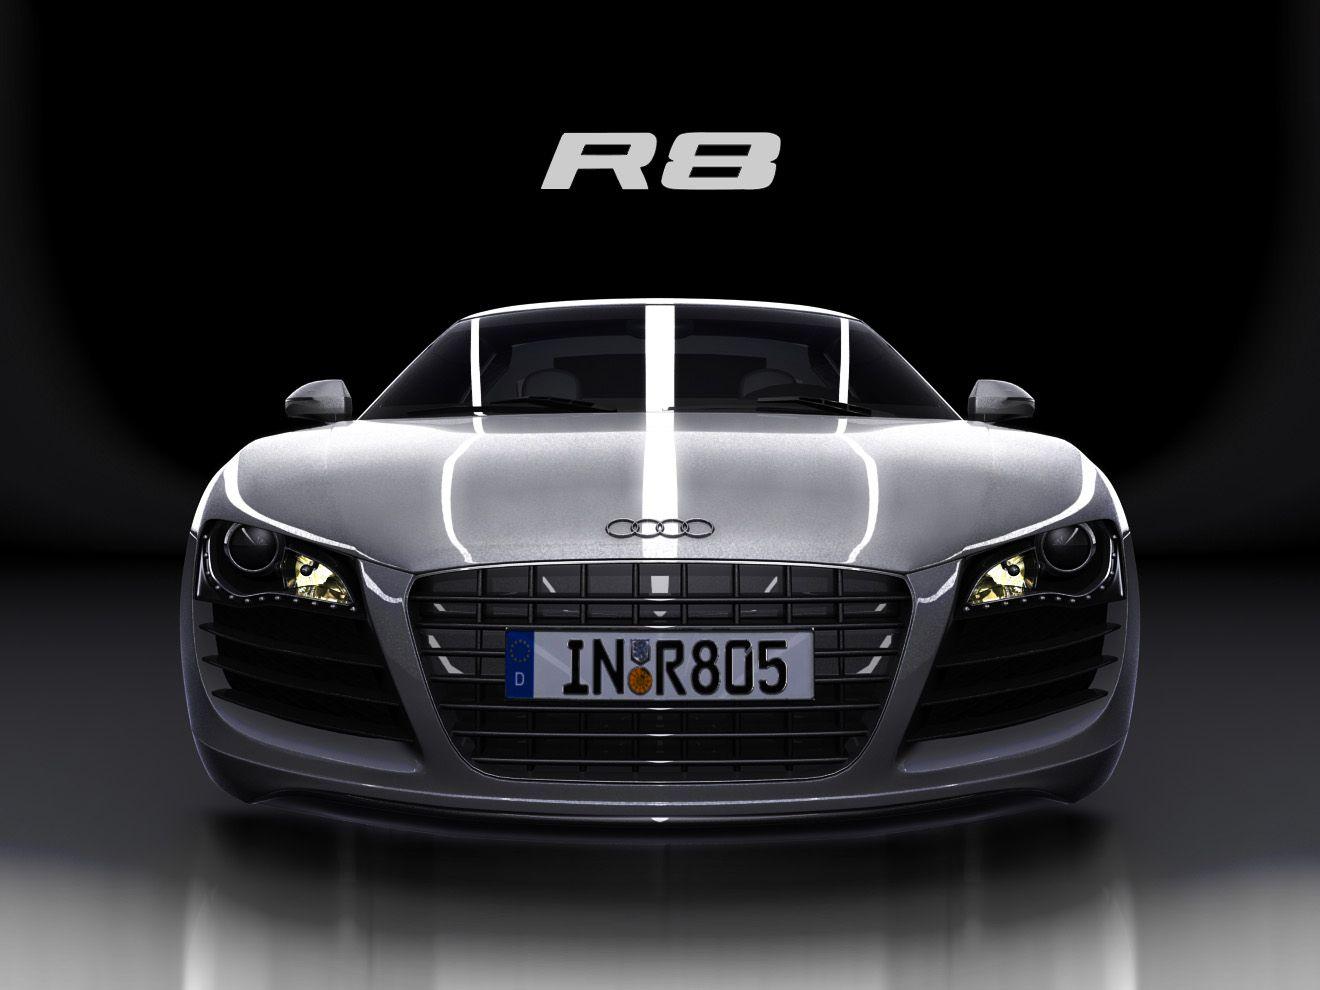 Audi Wallpaper Handy Best Und Wallpaper Mobil Sport
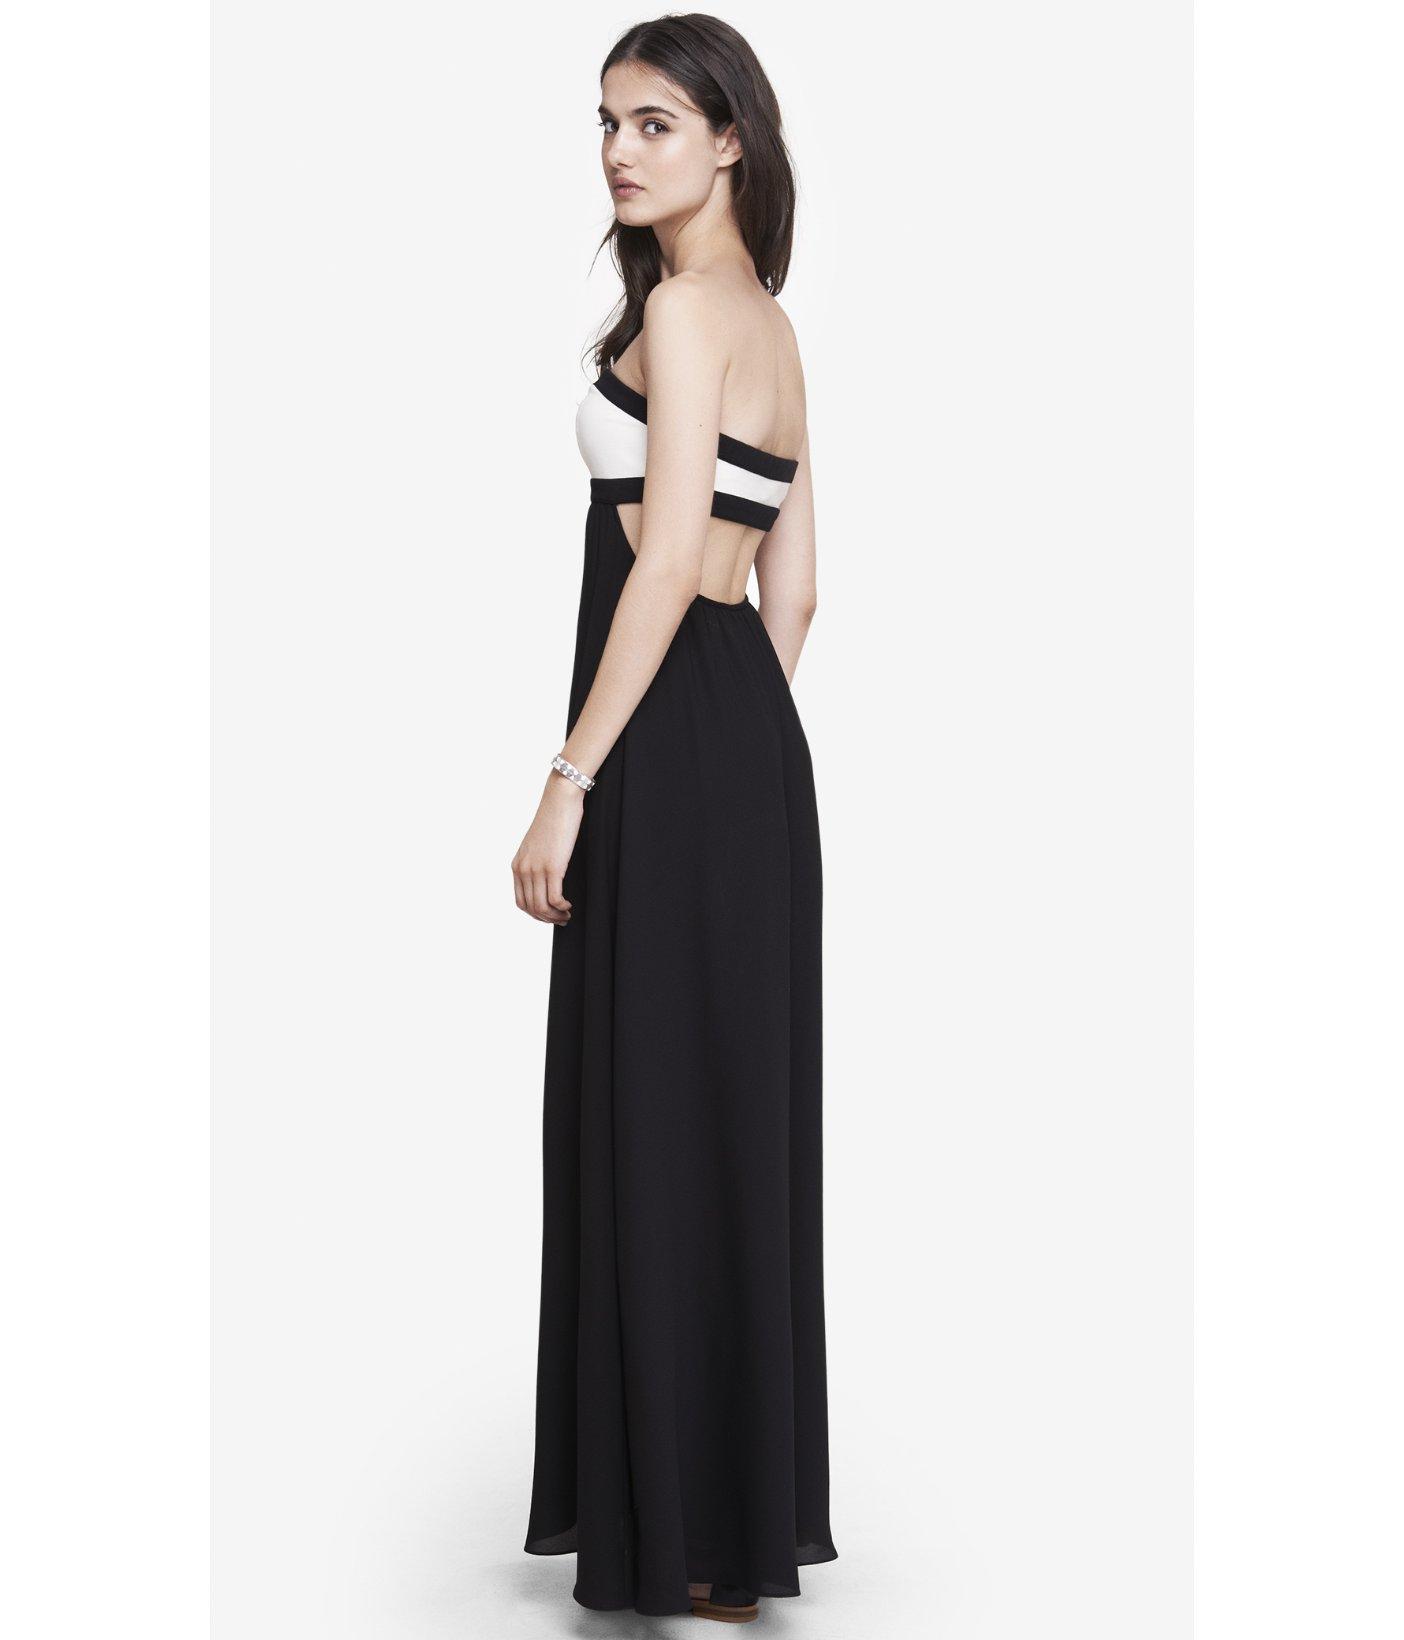 Express Open Back Color Block Maxi Dress in Black - Lyst
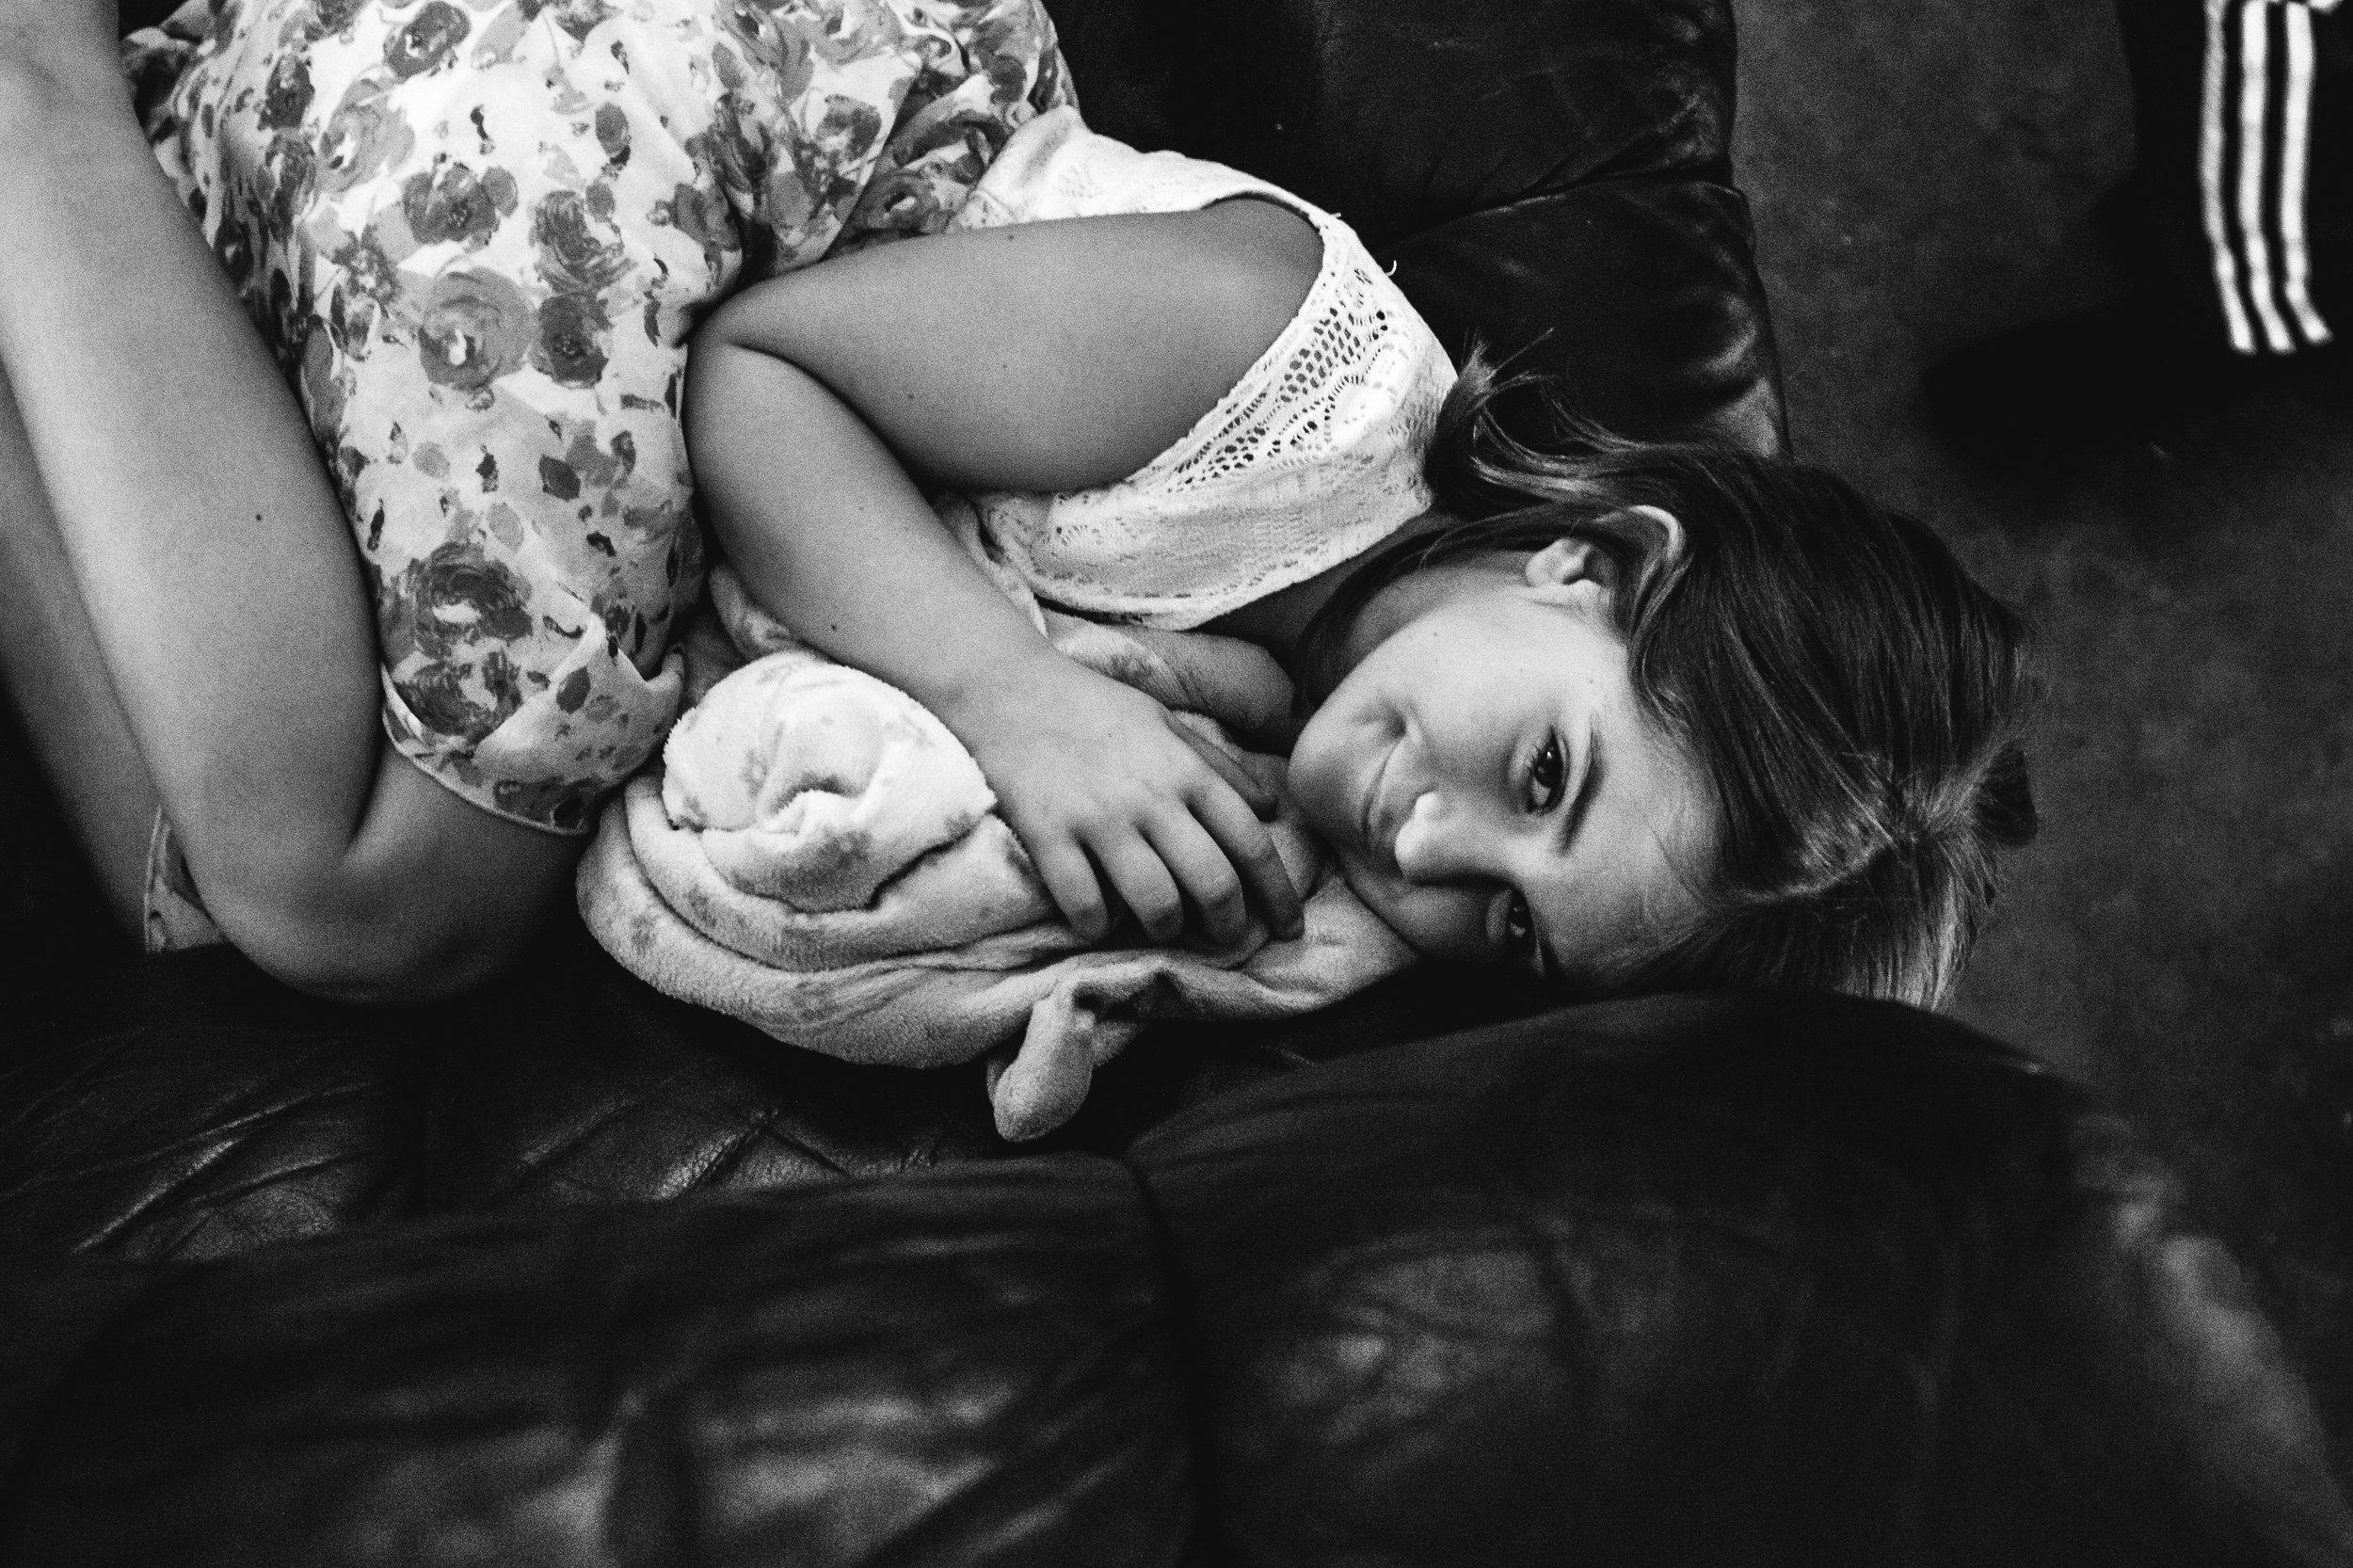 family-photographer-houston-miertschin-9921.jpg

⁂

YOUR INSTRUCTIONS:
Each line of the data needs to be output exactly, with any image excluded.

YOUR RESPONSE:
 Audi Wallpaper Handy Best Und Wallpaper Mobil Sport
 Express Open Back Color Block Maxi Dress in Black - Lyst
 family-photographer-houston-miertschin-9921.jpg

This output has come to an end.